Unreal Speech Python SDK allows you to easily integrate the Unreal Speech API into your Python applications for text-to-speech (TTS) synthesis. This SDK provides convenient methods for working with the Unreal Speech API, including generating speech, managing synthesis tasks, and streaming audio.

Getting Started

Installation

You can install the Unreal Speech API Python package using pip:

pip install unrealspeech

To ensure the package functions correctly, it is necessary to install the following dependencies as well.

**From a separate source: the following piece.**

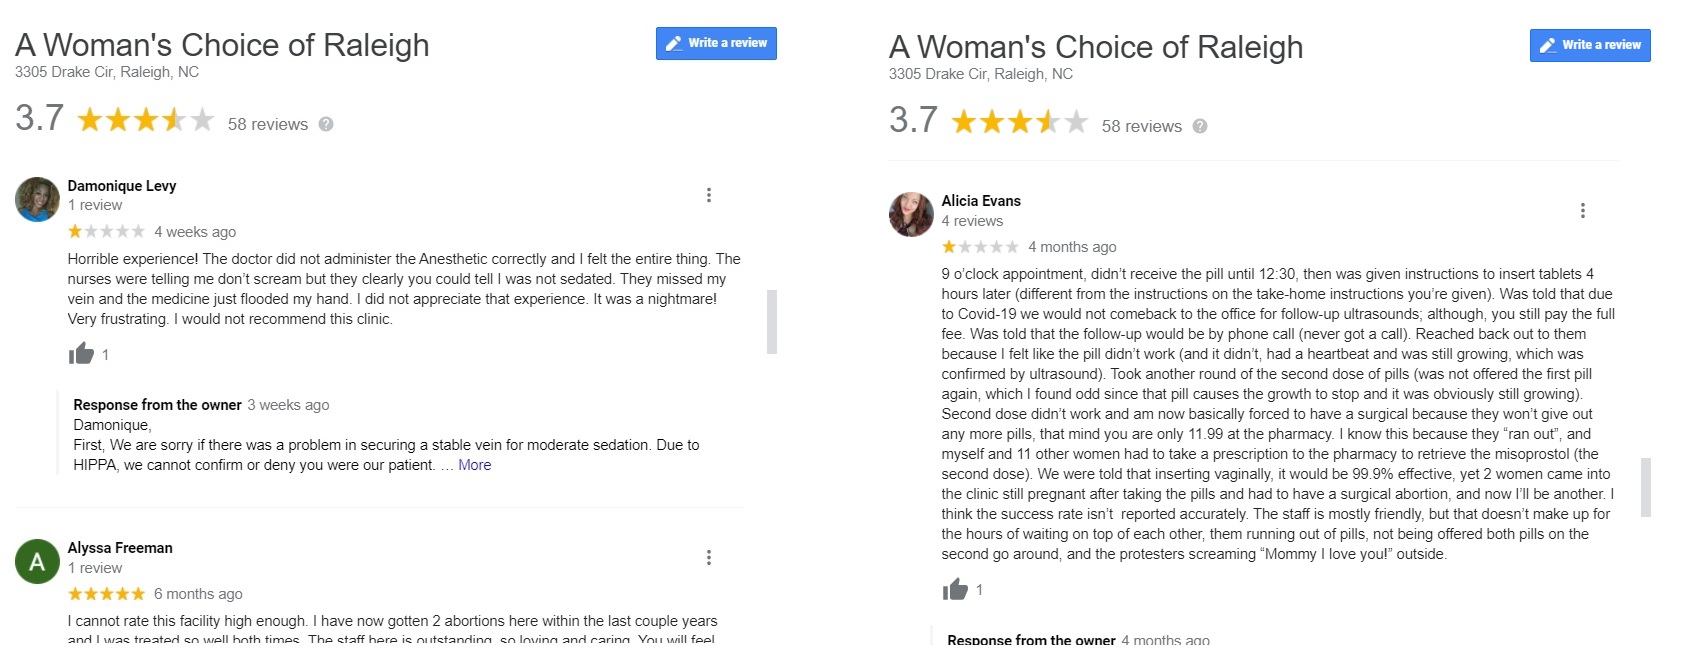 Image: Raleigh abortion facility Google reviews Horrible experience and abortion pill did not work accessed 061721

pip install playsound pydub simpleaudio

Endpoint	Description
/stream	Stream audio for short, time-sensitive cases
/speech	Generate speech with options (MP3 format)
/synthesisTasks	Manage synthesis tasks for longer text
/synthesisTasks/TaskId	Check the status of a synthesis task

Common Request Body Schema

Property	Type	Required?	Default Value	Allowed Values
VoiceId	string	Required	N/A	Scarlett, Liv, Dan, Will, Amy
Bitrate	string	Optional	192k	16k, 32k, 48k, 64k, 128k, 192k, 256k, 320k
Speed	float	Optional	0	-1.0 to 1.0
Pitch	float	Optional	1.0	0.5 to 1.5

Parameter Details

Voice ID

Dan: Young Male
Will: Mature Male
Scarlett: Young Female
Liv: Young Female
Amy: Mature Female

Bitrate

Defaults to 192k. Use lower values for low bandwidth or to reduce the transferred file size. Use higher values for higher fidelity.

Speed

Defaults to 0.

Examples:

0.5: makes the audio 50% faster. (i.e., 60-second audio becomes 42 seconds)
-0.5: makes the audio 50% slower. (i.e., 60-second audio becomes 90 seconds.)

Pitch

Defaults to 1. However, on the landing page, we default male voices to 0.92 as people tend to prefer lower/deeper male voices.

Rate Limit

Plan	Requests per second
Free	1
Basic	2
Pro	8

Usage

Initializing the UnrealSpeechAPI
First, import the UnrealSpeechAPI class

from unrealspeech import UnrealSpeechAPI, play, save

Then, initialize the API with your API key

api_key = 'YOUR_API_KEY'
speech_api = UnrealSpeechAPI(api_key)

Generating Speech

You can generate speech by providing a text string and optional parameters

text_to_speech = "This is a sample text."
timestamp_type = "sentence"  # Choose from 'sentence' or 'word'
voice_id = "Scarlett"  # Choose the desired voice
bitrate = "192k"
speed = 0 
pitch = 1.0
audio_data = speech_api.speech(text=text_to_speech,voice_id=voice_id, bitrate=bitrate, timestamp_type=timestamp_type, speed=speed, pitch=pitch)

# Play audio
play(audio_data)

Streaming Audio

For short and time-sensitive cases, you can use the /stream endpoint to stream audio

# Stream audio
text_to_stream = "This is a short text to be synthesized."
voice_id = "Will"
timestamp_type = "sentence"  # Choose from 'sentence' or 'word'
bitrate = "192k"
speed = 0
pitch = 1.0

# Generate audio from text
audio_data = speech_api.stream(
   text=text_to_stream, voice_id=voice_id, bitrate=bitrate, timestamp_type=timestamp_type, speed, pitch)

 # Play audio
play(audio_data)

Managing Synthesis Tasks

You can manage synthesis tasks for longer text using the synthesisTasks endpoint

# Create a synthesis task
task_id = speech_api.create_synthesis_task(text="Long content", voice_id="Will", bitrate="320k", timestamp_type="word", speed=0, pitch=1.0)

# Check the task status
audio_data = speech_api.get_synthesis_task_status(task_id)

# Play audio
play(audio_data)

Downloading Audio

You can download audio by simply calling the save function

  from unrealspeech import save

  audio_data = sppech_api.speech('How to download your audio easily')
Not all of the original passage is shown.